Сколько боли и раскаяния в этих словах! Маргарита явно винит себя за каждый час, проведенный вдали от детей.
Но Михаила, рассчитывавшего, что после того, как жена оправится от родов, все пойдет по-прежнему, такое полное погружение Маргариты в радости материнства совсем не порадовало. Трещина, образовавшаяся в отношениях супругов перед рождением Мики, не заросла. Напротив, она продолжала углубляться.
Михаил и Маргарита все меньше времени проводили друг с другом. Теперь они редко появлялись вместе на концертах и театральных премьерах и уже никогда больше вместе не путешествовали… Морозов теперь в одиночестве ездил в Париж развлечься и пополнить свою коллекцию французской живописи, а его жена с детьми отправлялась на Волгу, в уединенное имение Поповка, где проводила время, гуляя в лесу с малышами.
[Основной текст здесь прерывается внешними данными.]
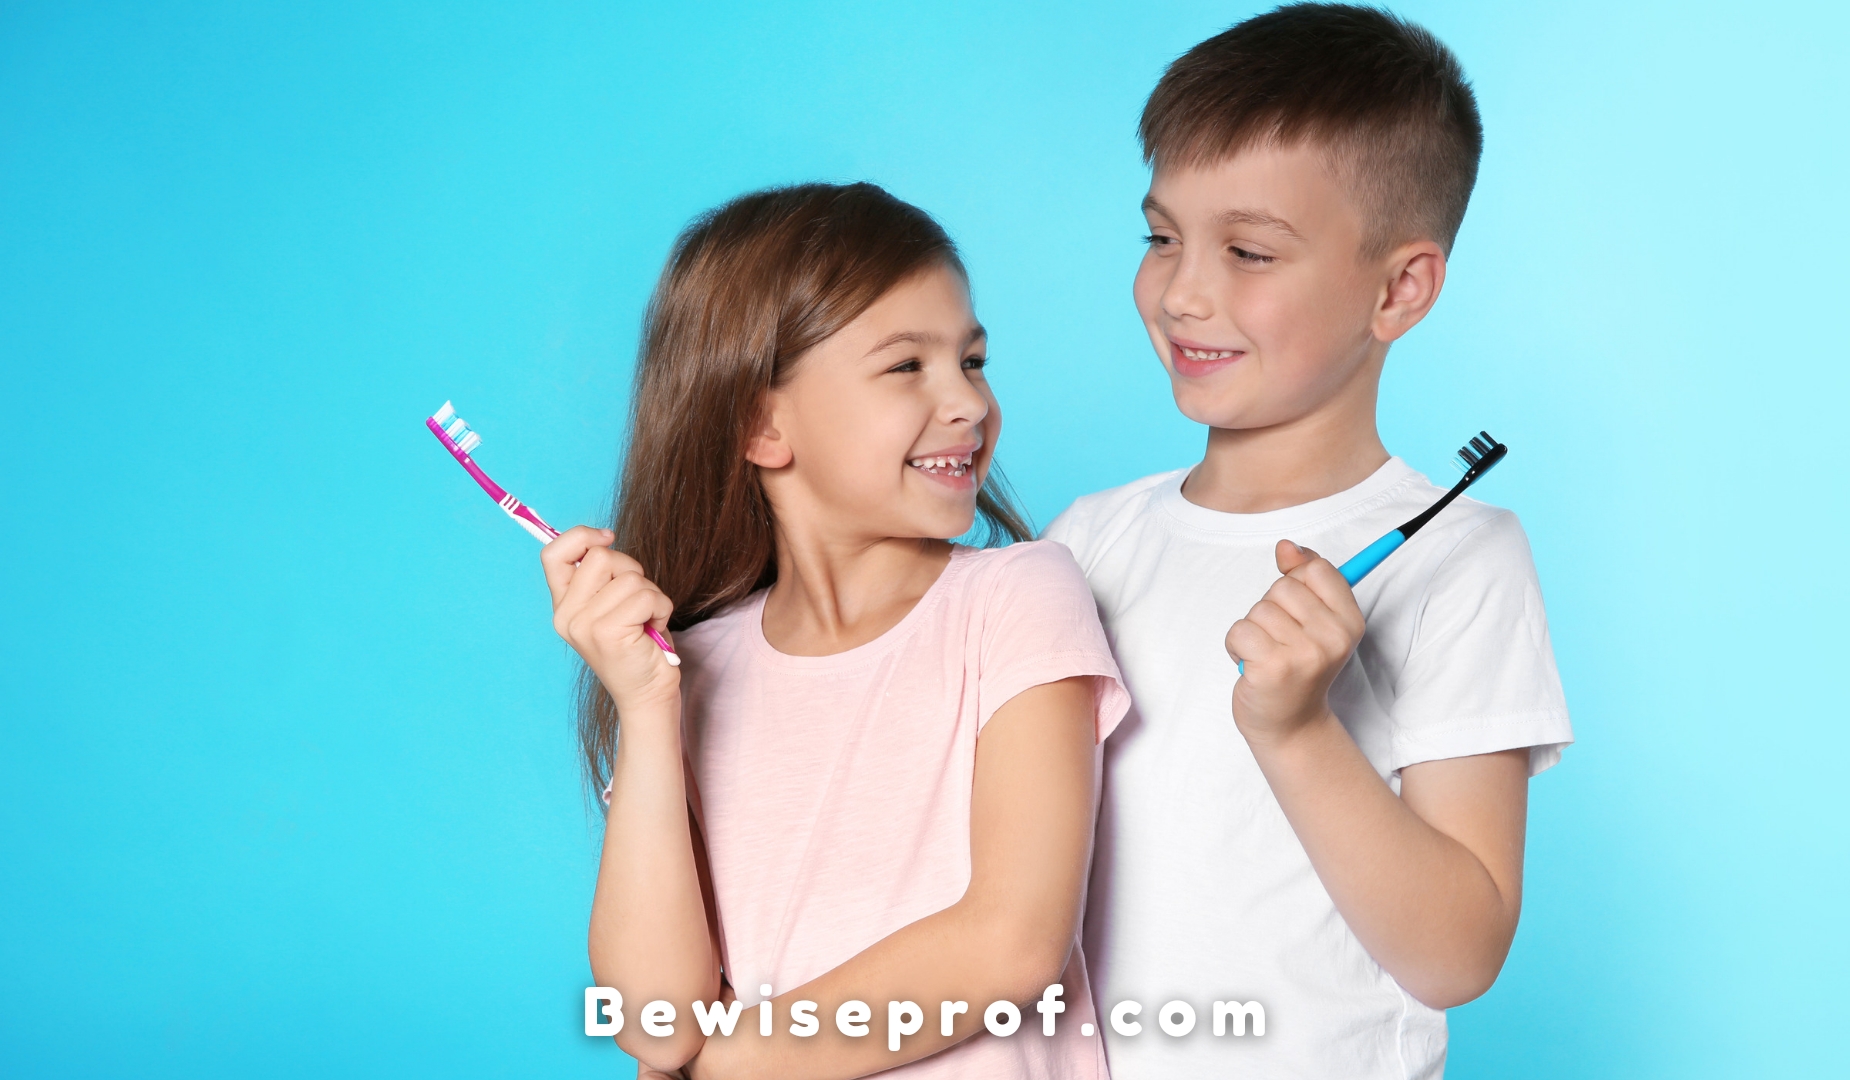 Promoting Proper Dental Care Habits among Children

Маргарите трудно было оторваться от дома и детей, особенно от грудничка Мики, а Михаилу Абрамовичу это казалось таким скучным. Чем ближе он был к собственному тридцатилетию, тем острее ощущал неудовлетворенность жизнью. Иной славы, кроме славы сумасбродного богача и карикатурного Джентльмена, он не снискал. Общественная деятельность ему совершенно наскучила. Его литературные амбиции остались неудовлетворенными. Публицистика Морозова не пользовалась интересом у читателей, научные работы не содержали в себе никаких открытий, социальный роман «В потемках», весь тираж которого был уничтожен по решению Комитета министров (уж казалось бы, какая блестящая реклама!), в списках тогдашнего «самиздата» оказался никому не интересен.
Демократическая общественность по старинке продолжала подпольно переписывать и читать труды Чернышевского, совершенно игнорируя свободолюбивые изыски творчества писателя-миллионера. Более того, знатоки отзывались о его литературных опытах весьма пренебрежительно.
«Михаил Абрамович не стесняется и чужие мысли выдавать за свои, да кто же нынче в этом стесняется? <…> Михаила Абрамовича замечают в плагиате. Он не смущается и продолжает дальше», – записал в своем дневнике художник Василий Переплетчиков из круга близких приятелей Морозова. А что же говорили чужие люди?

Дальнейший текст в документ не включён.